Ex-atacantes de clubes como Vasco e Corinthians, ele percebeu que o Fenômeno iria longe na carreira.

“Ele era um jogador que corria muito, tinha uma força física incrível. Você vê o Messi e o Cristiano Ronaldo sempre trabalhando na força. Ronaldo era melhor que eles porque era muito habilidoso. Você batia e ele não caía. Era muito difícil pará-lo”, elogiou.

Donizete não esquece um amistoso que o Brasil venceu a Rússia no qual ele e Ronaldo balançaram as redes.

“Ele tinha essas virtudes porque sabia finalizar com os dois pés. Era inteligente e sabia a hora certa de sair e chegar”, analisou.

O ex-atacante não esquece um gesto de carinho que recebeu de Ronaldo, então no Barcelona, que foi premiado em 1996 pela primeira vez como o melhor jogador do mundo pela Fifa.

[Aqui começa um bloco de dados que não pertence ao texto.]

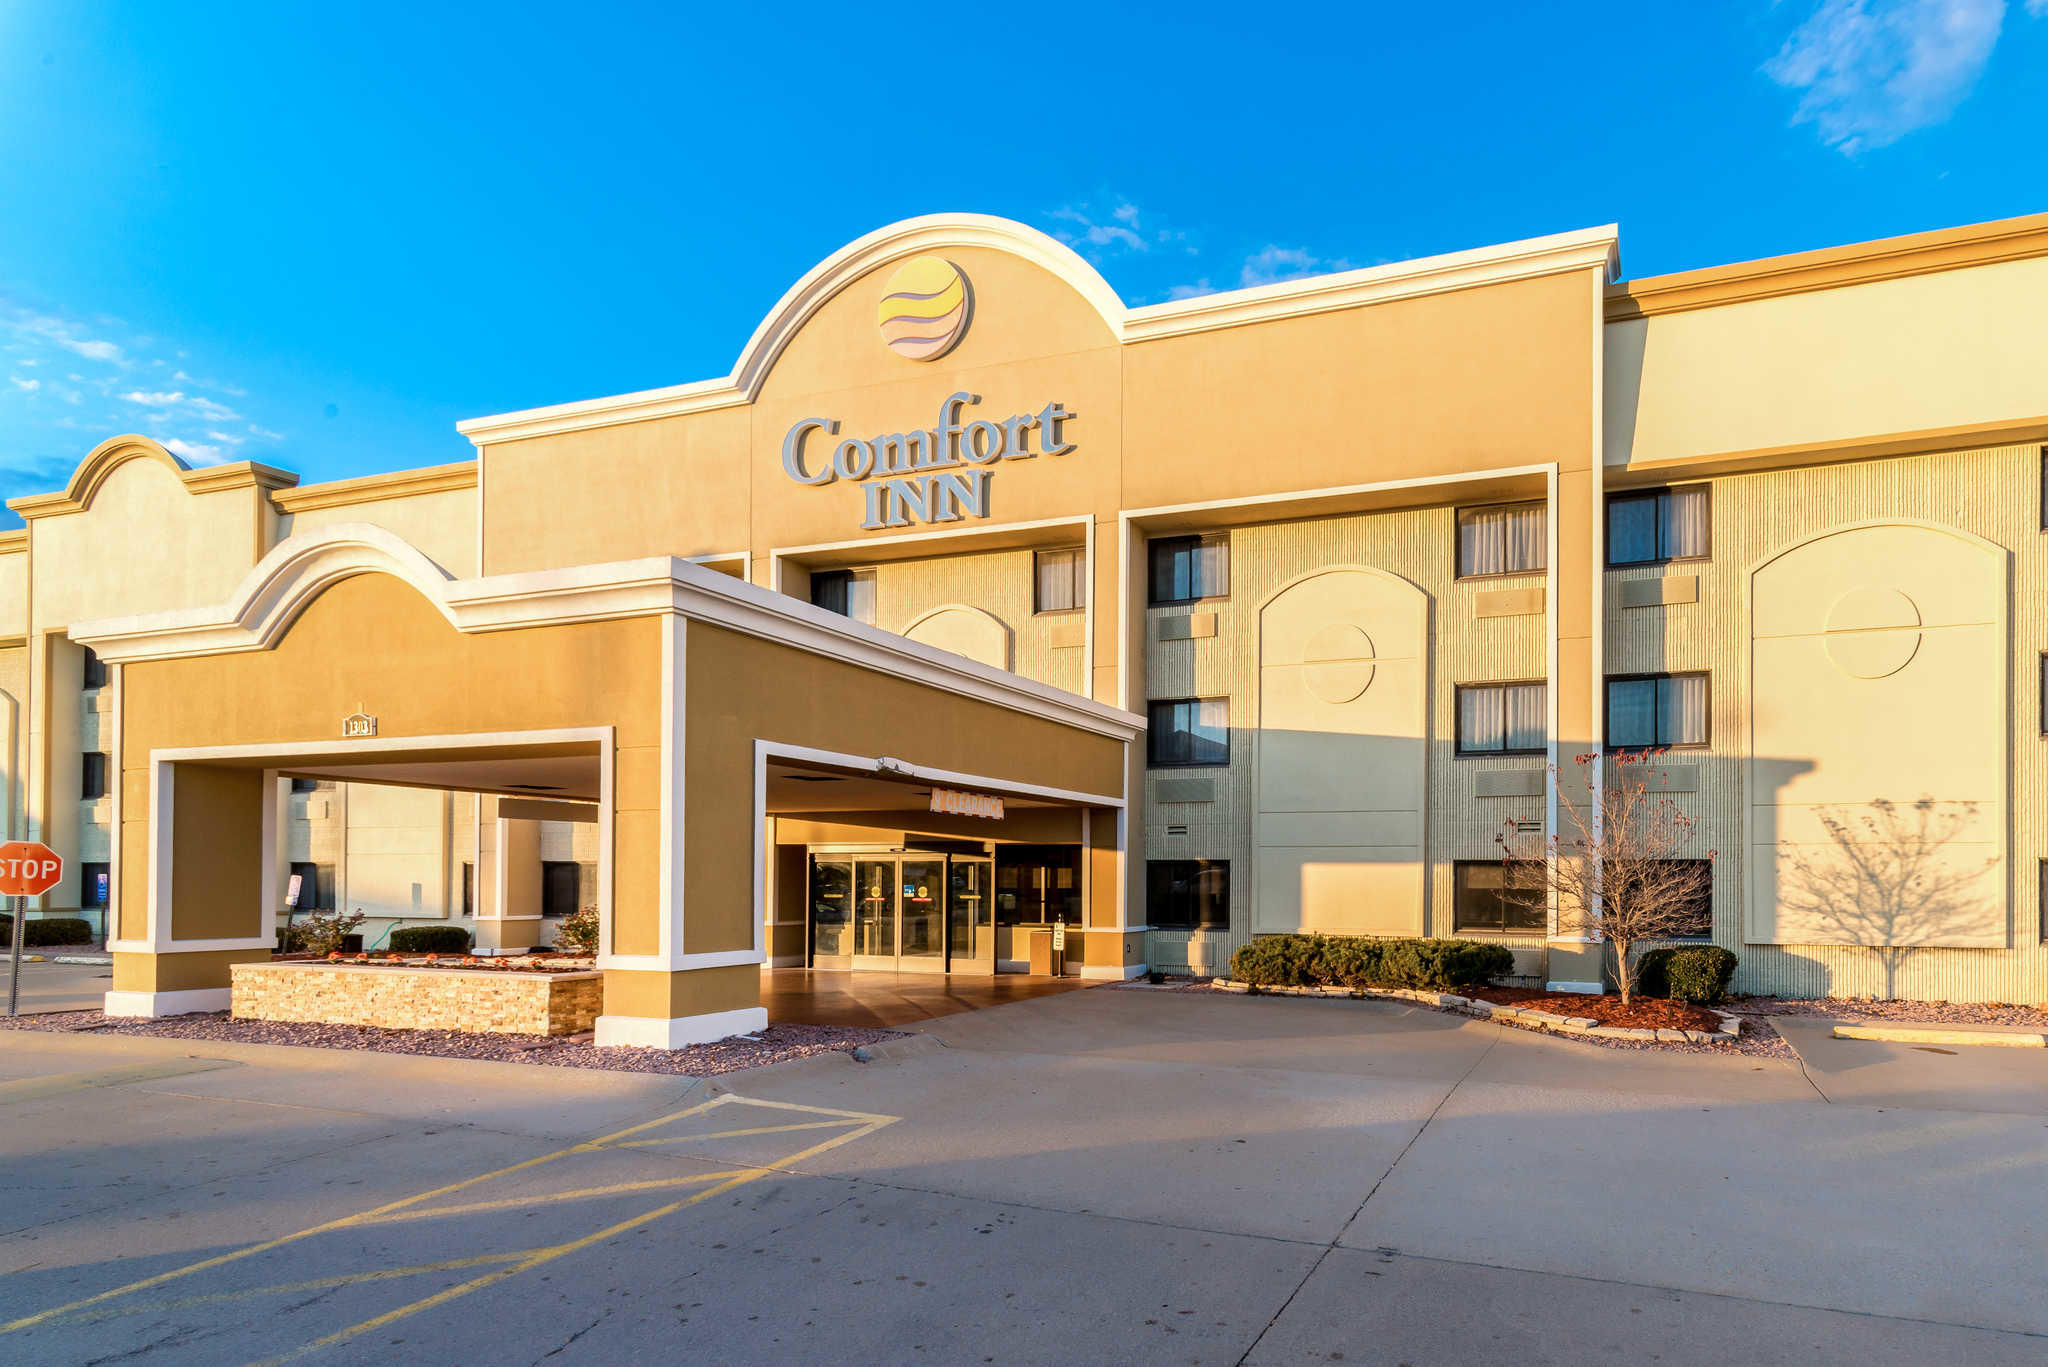 Comfort Inn Festus-St Louis South, Festus Missouri (MO) - 0
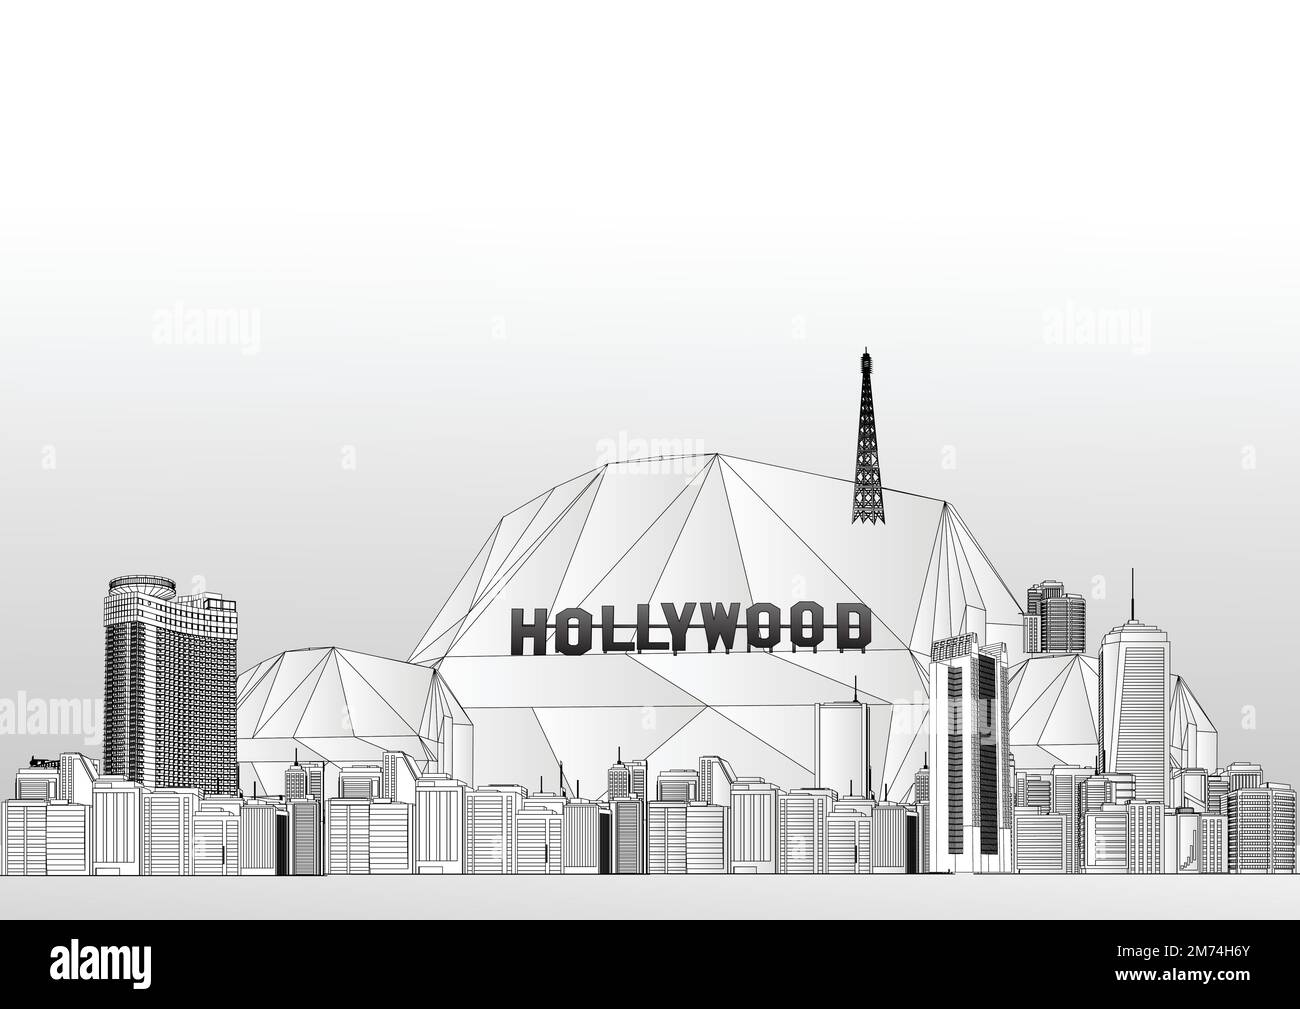 Beautiful Hollywood City Vector Illustration Stock Vector
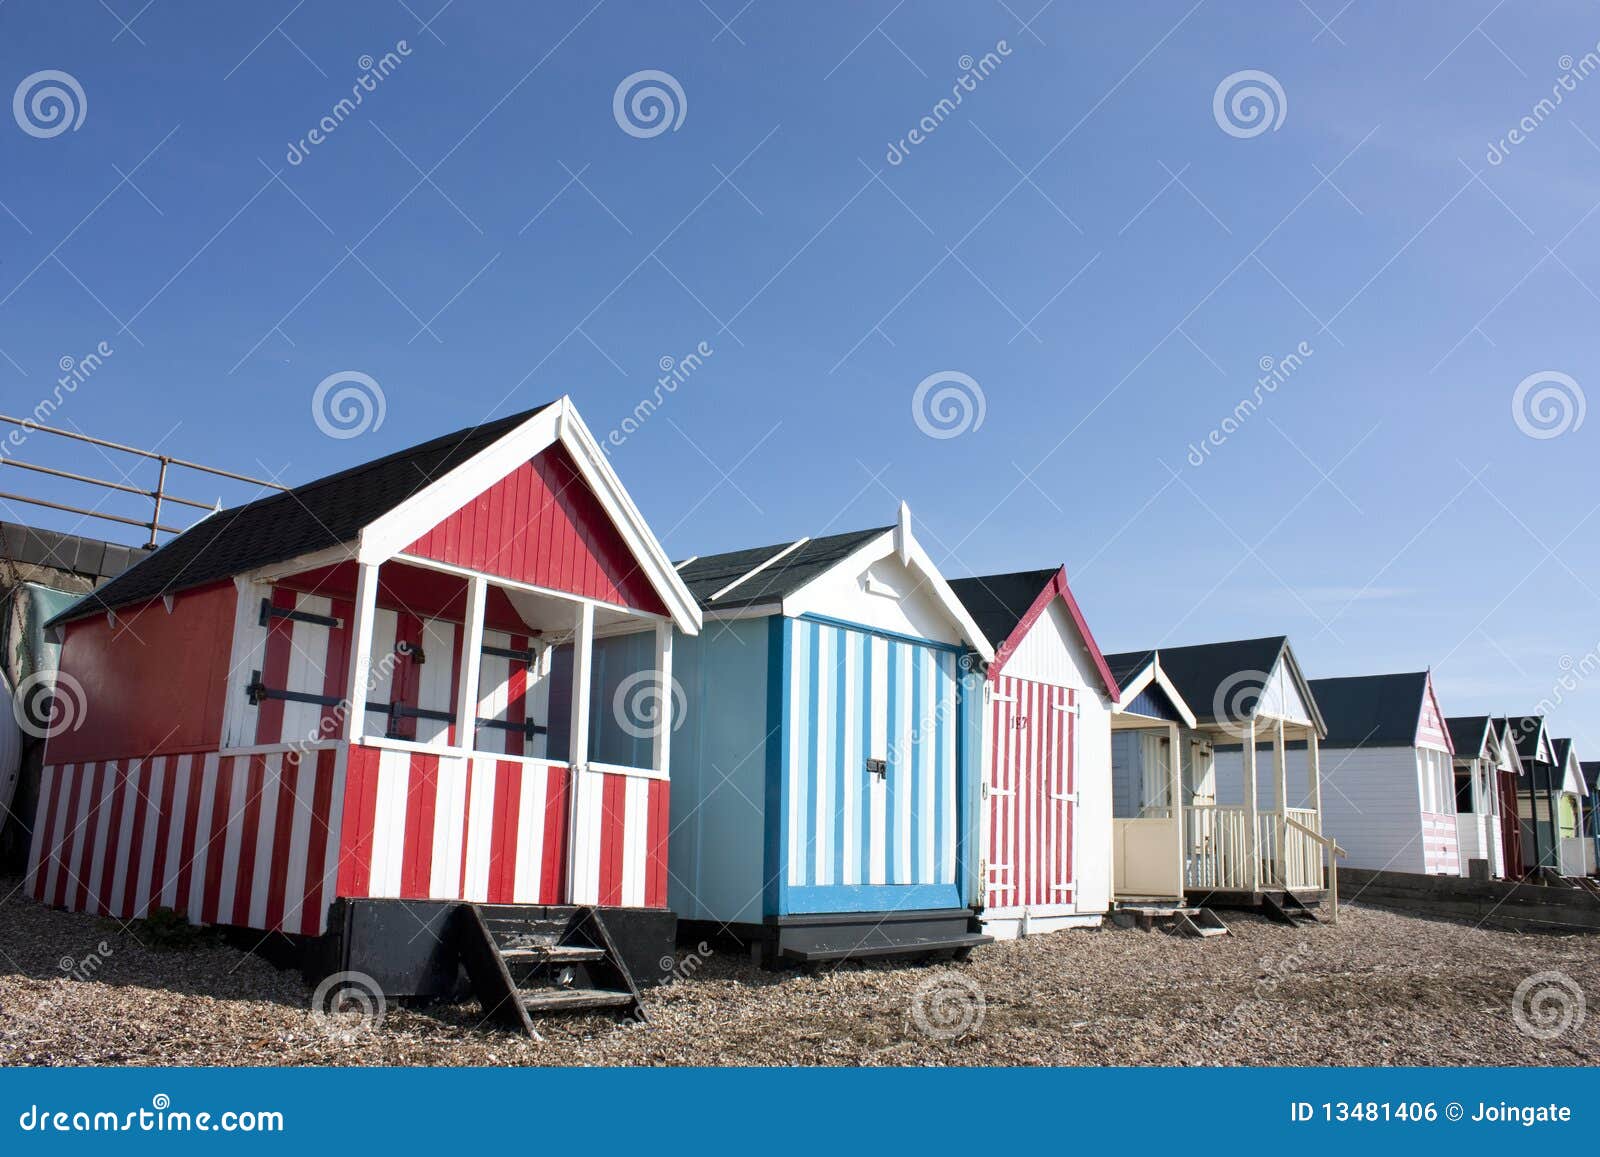 thorpe bay beach huts

“Ele veio para Estoril, em Portugal, e eu estava morando em Lisboa porque defendia o Benfica. Ele me convidou para a cerimônia e ficamos em um lugar super legal”.

“Depois fomos comer com o diretor da Nike naquela noite. Ele falou para os caras fazerem um contrato comigo até o final da minha carreira. Eu fiquei por mais 10 anos sendo patrocinado”, agradeceu.

Pouco tempo depois do prêmio, Ronaldo passou a ser um astro mundial e os amigos perderam contato.

“Eu me afastei depois porque ele cresceu muito e aonde ele ia não tinha muito espaço para mim porque tinha muita gente, era muita confusão. Eu sempre fui apegado à minha família. O futebol nos levou para outros caminhos”, explicou.

Fora de 98

Donizete foi chamado várias para a seleção se destacou no título do Vasco na Libertadores de 1998. Mesmo assim, não foi à Copa do Mundo de 1998, na França.

“Fiquei chateado por não ter ido porque era o meu momento. Achei que seria convocado depois do corte do Romário, mas não aconteceu. Cada treinador tem suas escolhas. Vida que seguiu”, filosofou.

Desde que pendurou as chuteiras, Donizete tem planos de continuar no futebol.

“Eu hoje me formei como treinador e estou buscando começar nas categorias de base porque gosto de formação de jogadores. Estou esperando uma chance para começar”, explicou.

Melhores parceiros de ataque

“Eu me dei muito bem com o Túlio Maravilha no Botafogo. Foi um companheiraço e hoje considero meu melhor parceiro de ataque na carreira porque foi o cara que jogou mais tempo comigo. Conseguimos nos encaixar melhor. O Luizão foi outro que considerava com um estilo ideal para jogar comigo”.

“Tenho amizade com o Edmundo e fazemos um churrasquinho de vez em quando. Ele é um cara extrovertido e alegre pra caramba, é super legal de bater papo. Jogamos juntos no Vasco em 2000”.

“O Romário era um cara muito inteligente. Por ser um pouco mais velho, ele me dava muitos conselhos. Ele era um cara muito honesto e tive a honra de jogar ao lado dele na seleção e no Vasco. Qualquer um consegue jogar ao lado dele porque é um cara que te dá moral. Até hoje jogamos pelada juntos porque ele é meu vizinho”.